Stewart was encouraged by the comedian Eric Sykes to enrol on a television director's course in 1965. He was advised his best career path would be to remain in the entertainment industry, and Sykes recommended Stewart to his fellow light entertainment comedian Frank Muir. That same year, Stewart directed episodes of the sitcoms Call It What You Like and Sykes and a... He moved to the rival broadcaster ITV in 1967, and was a director on The Frost Programme, and The Frost Report for Associated-Rediffusion.

Among the many shows he produced or directed were Father, Dear Father, Love Thy Neighbour, Bless This House, My Good Woman, Spooner's Patch, The Rag Trade, Family Fortunes, Don't Forget Your Toothbrush and The Price is Right. He also presented the short-lived 1992 quiz show Famous People, Famous Places, made by his company, Regent Productions (which also produced Fifteen to One) for Thames Television and shown only in the London region.
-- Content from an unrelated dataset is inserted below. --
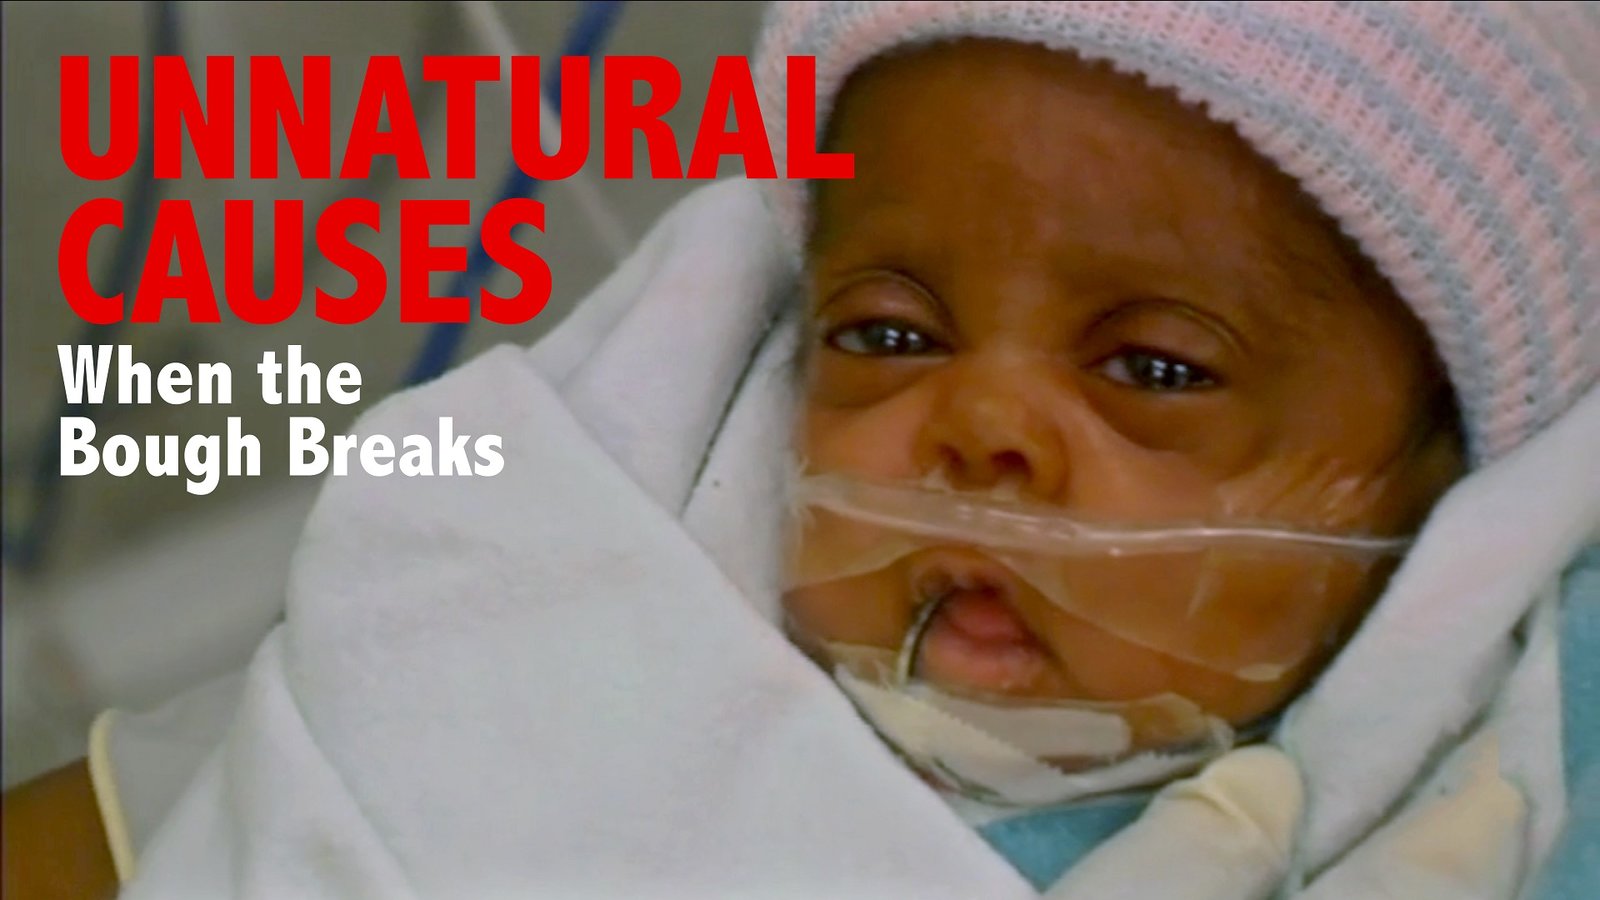 Unnatural Causes: When the Bough Breaks thumbnail
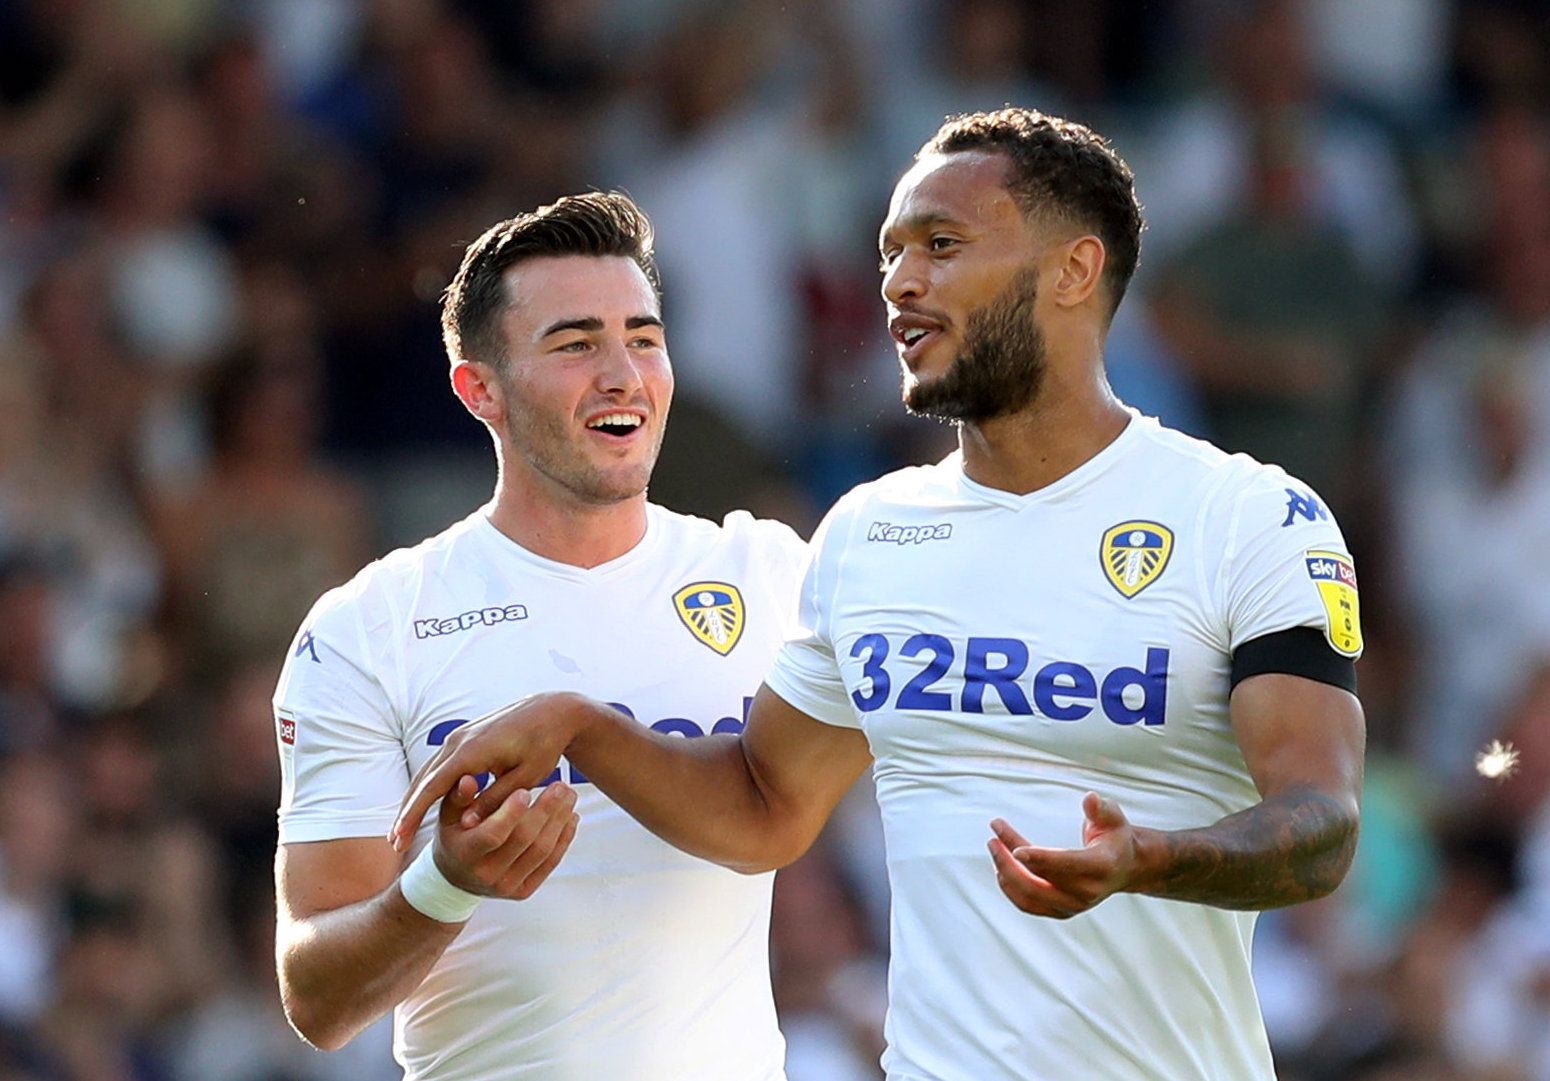 Soccer Football - Championship - Leeds United v Stoke City - Elland Road, Leeds, Britain - August 5, 2018   Leeds United's Jack Harrison and Lewis Baker celebrate at the end of the game   Action Images/John Clifton    EDITORIAL USE ONLY. No use with unauthorized audio, video, data, fixture lists, club/league logos or "live" services. Online in-match use limited to 75 images, no video emulation. No use in betting, games or single club/league/player publications. Please contact your account repres

He later sold Regent to Pearson Television, (which also purchased Thames), and they have now been amalgamated (along with the likes of Grundy Productions) into Talkback Thames, the UK arm of FremantleMedia.

In 1998, he successfully sued the Fifteen to One contestant Trevor Montague, who had lied to reappear on the programme. He made a documentary of Tom Driberg in 2009.

Personal life
He was thrice married:
 1. Audrey Harrison (1960–1976) with whom he had one son, Nick.
 2. Sally Geeson (1976–1986) with whom he had one daughter, Hayley, and one son, Barnaby. Geeson is an actress and played Sally Abbot in the sitcom Bless This House for which Stewart was the producer. 
 3. Laura Calland (1997–2017) with whom he had two daughters, Isobel and Hannah. Calland was the voice-over artist for Fifteen to One.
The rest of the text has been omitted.